Вова Ш. по кличке Шкаф был самым старым на нашем курсе. Когда он впервые вошел в аудиторию после звонка с перемены, то весь курс встал – все приняли его за преподавателя. И это притом что среди нас, студентов-заочников, розовощеких юношей не было. За все время учебы Вова не получил ни одной четверки – в его зачетке стояли сплошные «удовлетв.», причем удовлетворял преподавателей Шкаф далеко не с первого раза, «отсекая хвосты» мучительно больно.
– Я старый, – говорил Вовчик, шлепая себя по лбу, – у меня мозги закостенели! Мне 45 лет!
А в этом возрасте, как известно, мужика бес за ребро щекочет. Только после тридцати Шкаф понял, что «жизнь летит мимо». И прекрасные женщины – тоже. Ни внешностью, ни фигурой Вовчик похвастаться не мог – лыс, близорук, роста ниже среднего, а пузо – весьма солидное. Прекрасные женщины требовали немалых материальных затрат, так что Шкаф, имеющий кроме неутомимой страсти еще и золотые руки, подрабатывал сразу в нескольких местах. Он, например, устроился электриком в студенческом общежитии, вел столярный кружок, а также держал две ставки дворника – за себя и за сына.
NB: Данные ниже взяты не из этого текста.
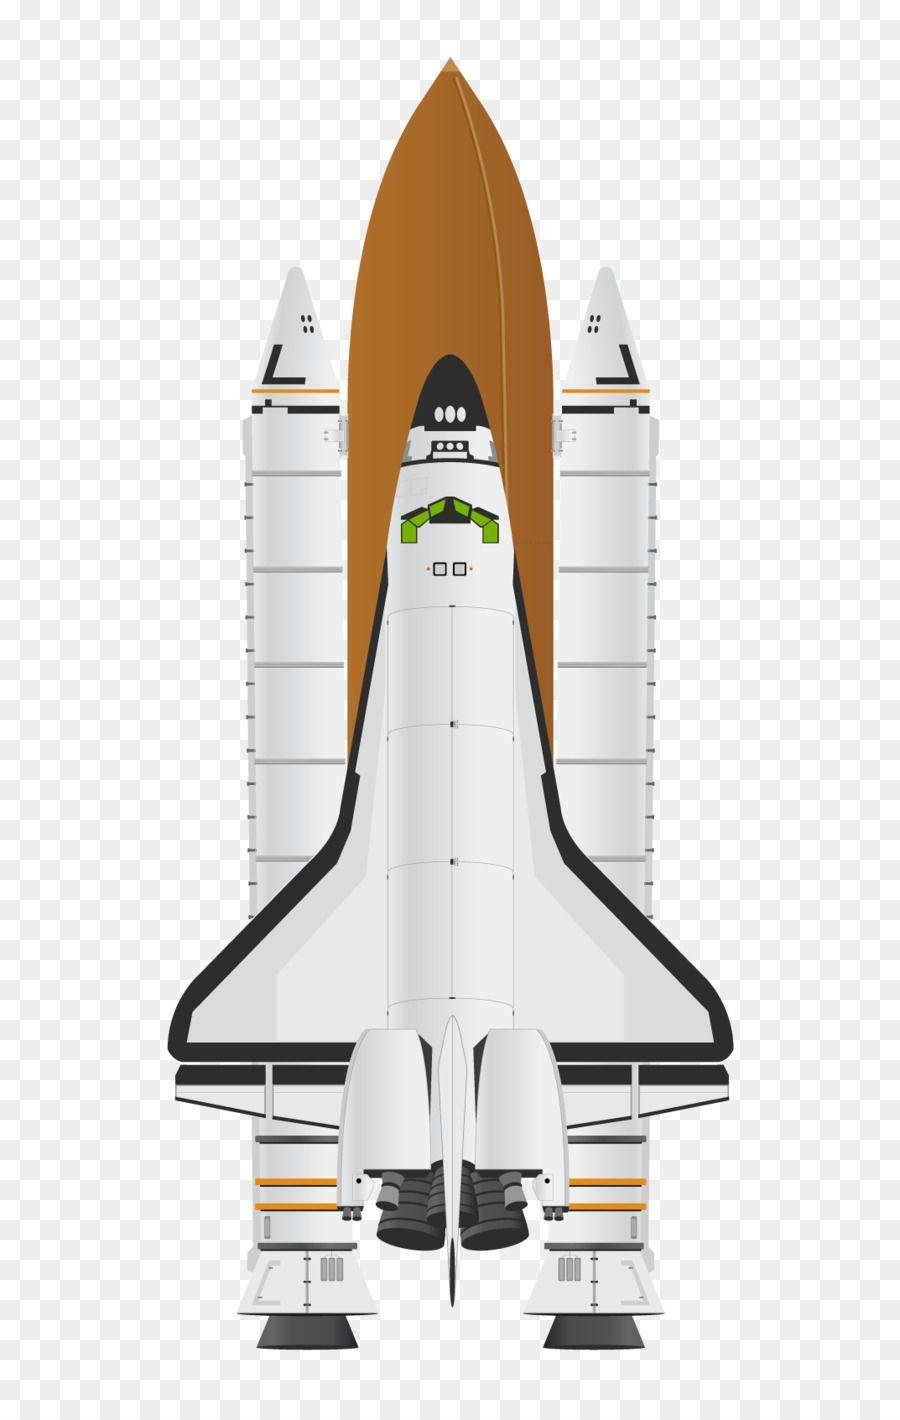 NASA Spaceship Logo - Space Shuttle program Spacecraft NASA png download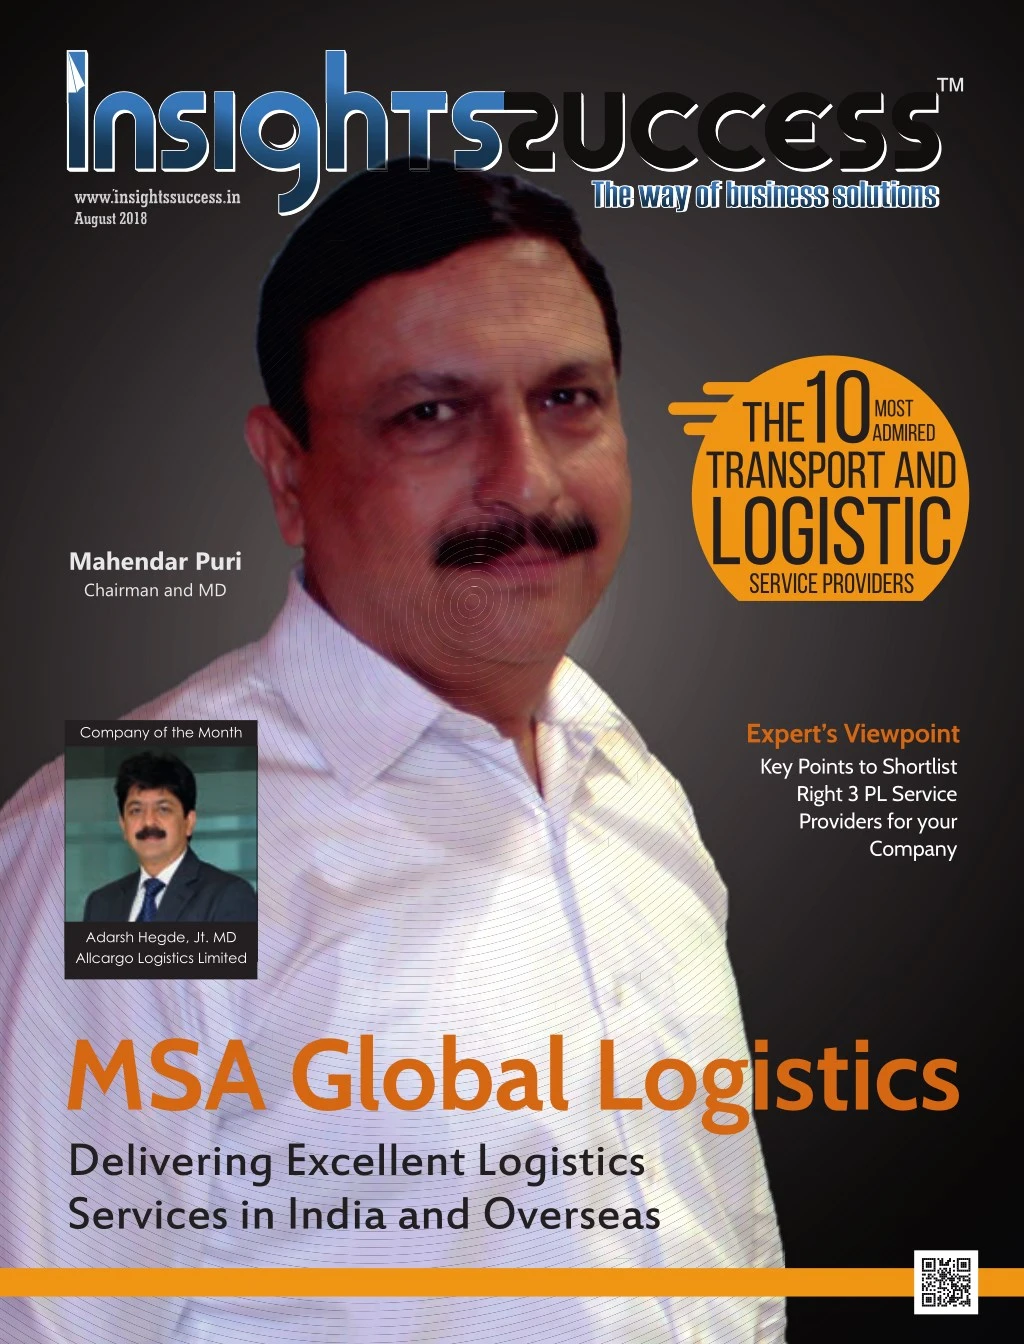 TM International Logistics - Promoters

Пока сын-студент спал, папа махал лопатой на улице. Свой «дворницкий» подвал наш ловелас оборудовал под комнату свиданий – поставил там диван, развесил картины в духе а-ля Шишкин (рисовал сам!), приволок чайничек, кружечки, рюмочки и так далее – словом, воссоздал почти домашний уют.
Первая женщина приходила к дворнику в интервале от восьми до девяти утра: ребенок уже в садике, а на работу еще рано. Вторую Вовчик любил в своем кабинете во время обеденного перерыва (знало бы только начальство, чем занимается редактор многотиражной газеты оборонного предприятия!) либо в собственной квартире. Жена Вовы работала завотделом райкома партии, а райком размещался в соседнем доме. Я спросил у него: а что если жена изменит своей привычке обедать на работе и заглянет домой?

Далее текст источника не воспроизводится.